AIM OF THE TASK: In the copy, keep every line below as it is and leave out the pictures.

DATASET EXCERPT:
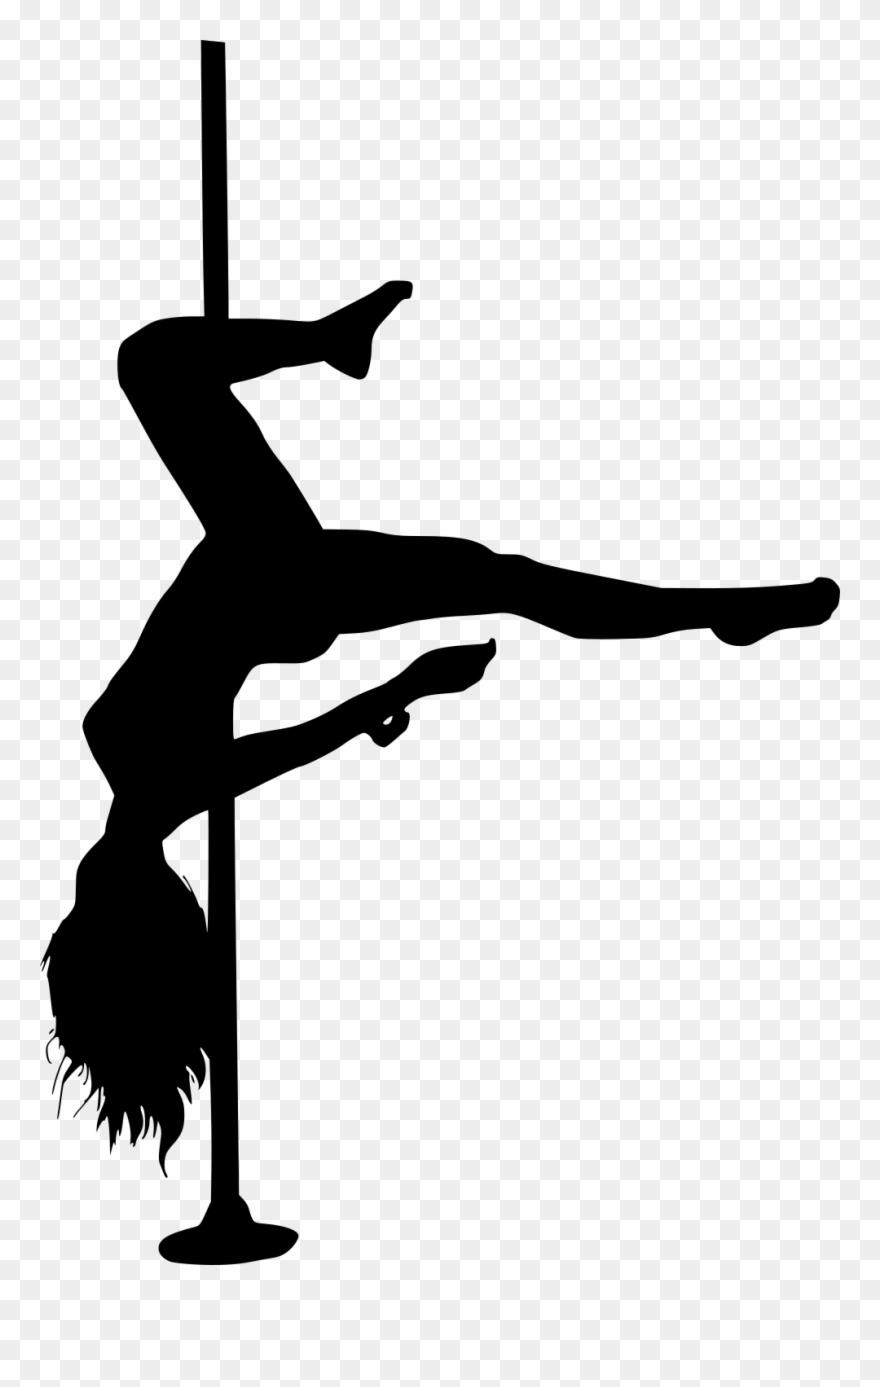 Athletic dance move,Pole dance,Dance,Performing arts,Dancer
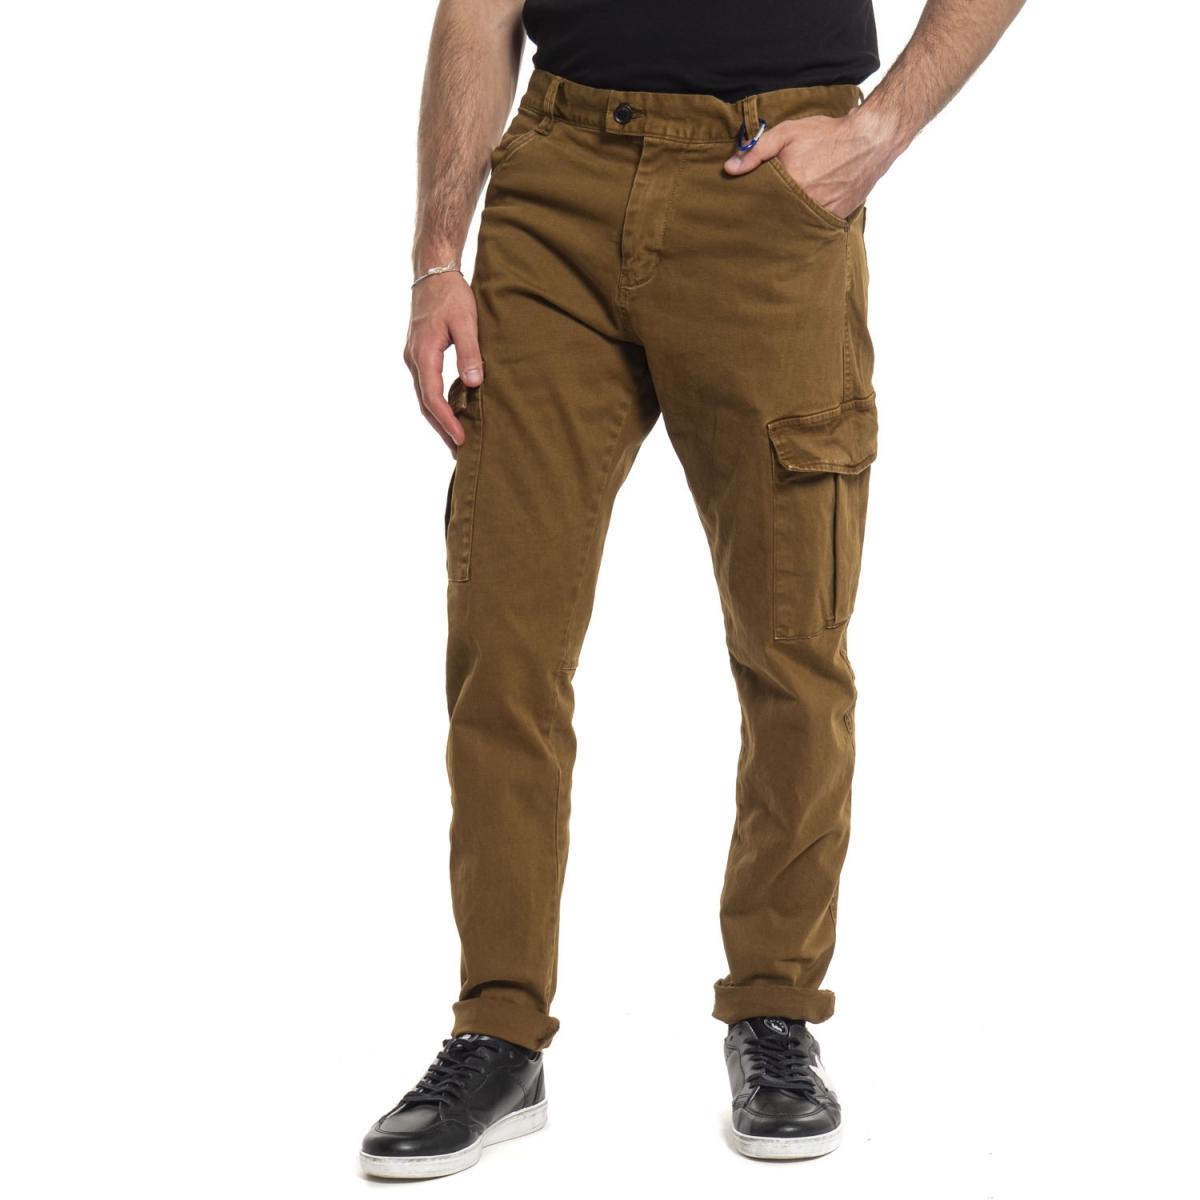 clothing Pants men Pantalone LPP0008 LANDEK PARK Cafedelmar Shop
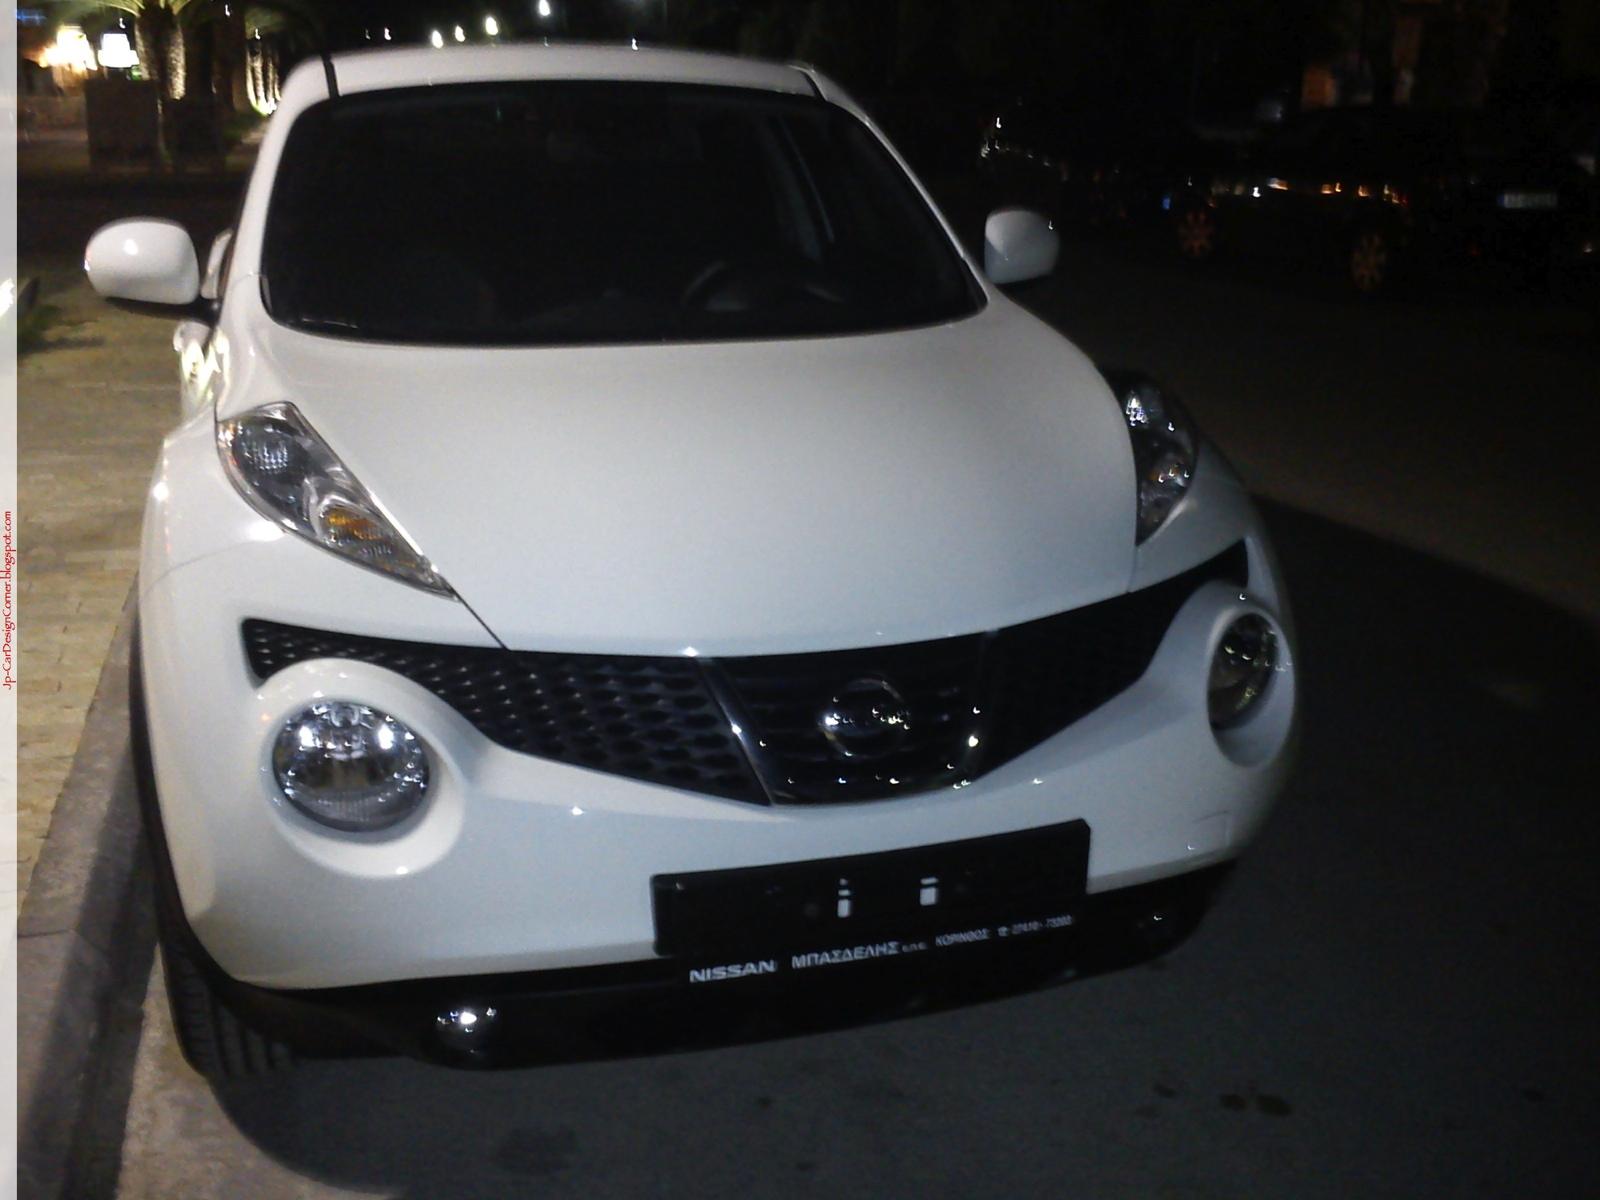 Nissan Juke Demo Car For Sale

SOLVED PROBLEM:
 Athletic dance move,Pole dance,Dance,Performing arts,Dancer
 clothing Pants men Pantalone LPP0008 LANDEK PARK Cafedelmar Shop
 Nissan Juke Demo Car For Sale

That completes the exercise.